Containing seven songs written, rehearsed and refined between 2017 and 2020, when the sessions for the album took place and according to the band themselves, it serves as a time capsule of how the band sounded at a certain point in time.

What can be said if this album as a whole is it’s a beautiful set of songs and sounds, steeped in post rock without being fixated with it. The band manages to find melodic moments in all the songs, it’s just that they are then scuffed up, drawn out, morphed and warped into something else with their triple guitar assault. That’s not to say it’s all noisy because it isn’t. There are plenty of moments of repose and reflection contained within, and the guitars chime and send their spidery fingers over the tracks just as often as they wave big riffs and noise in your faces.

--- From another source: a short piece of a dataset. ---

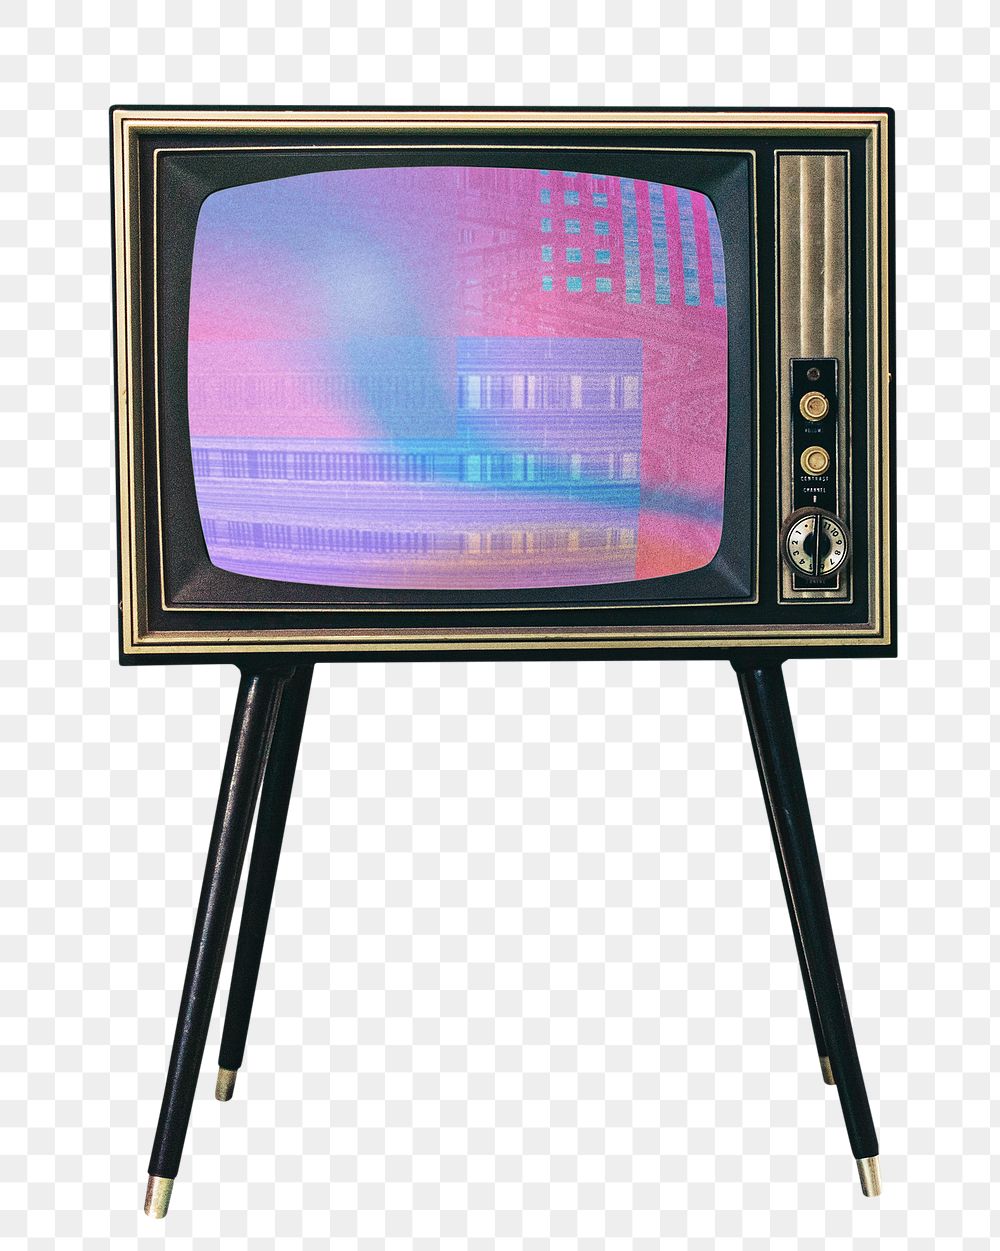 Vintage TV png, transparent background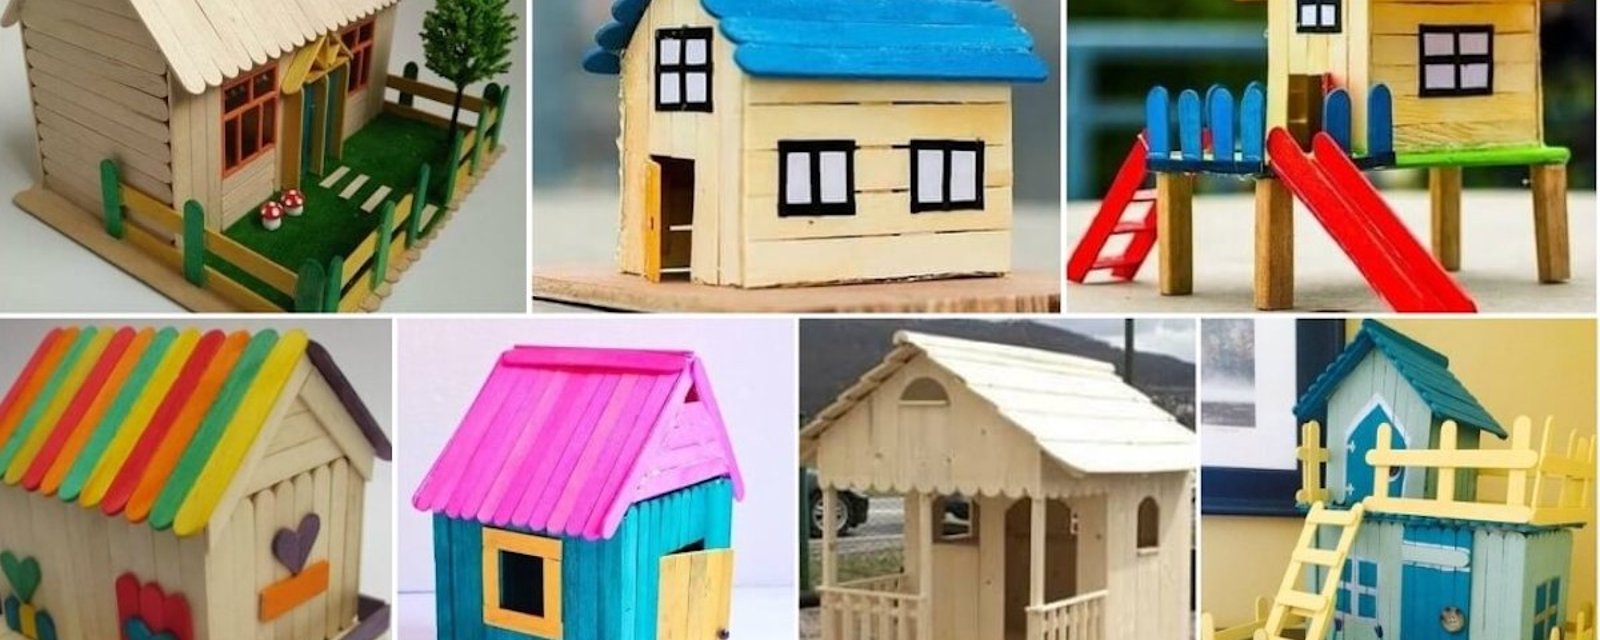 10 modèles de maisons en bâtons de popsicles pour inspirer vos bricolages

Achipalago is typical of this. Built on a simple five note riff, it gradually unfurls through its 6 something minutes, ebbing and flowing from gentle undulations to smacking you squarely in the face – not through aggression, more layers – the echo laden guitar lines often bleeding into eachother, but also just this glorious noise they seem to produce.

In truth, there’s not a weak moment on the record, from the sprawling opening gambit Better Things Left Unsaid, through the shoegazey wash of Little Empires and the brilliant, bitter melancholy of single Motherless Brooklyn, right to the monumental closing track Stalker.

Mood and atmosphere is what is draped over the music, and that’s what leaves it in your heart, above a lot of the formulaic post-rock out there. As the band say themselves ‘We feel that each track conveys a unique feeling but that there is an overriding atmosphere that runs through the entire record. It is an album steeped in feelings of nostalgia, longing, solace and introspection’.

Don’t let this album escape you, it has to be one of 2023s best and most complete records. All hail False Hope For The Savage.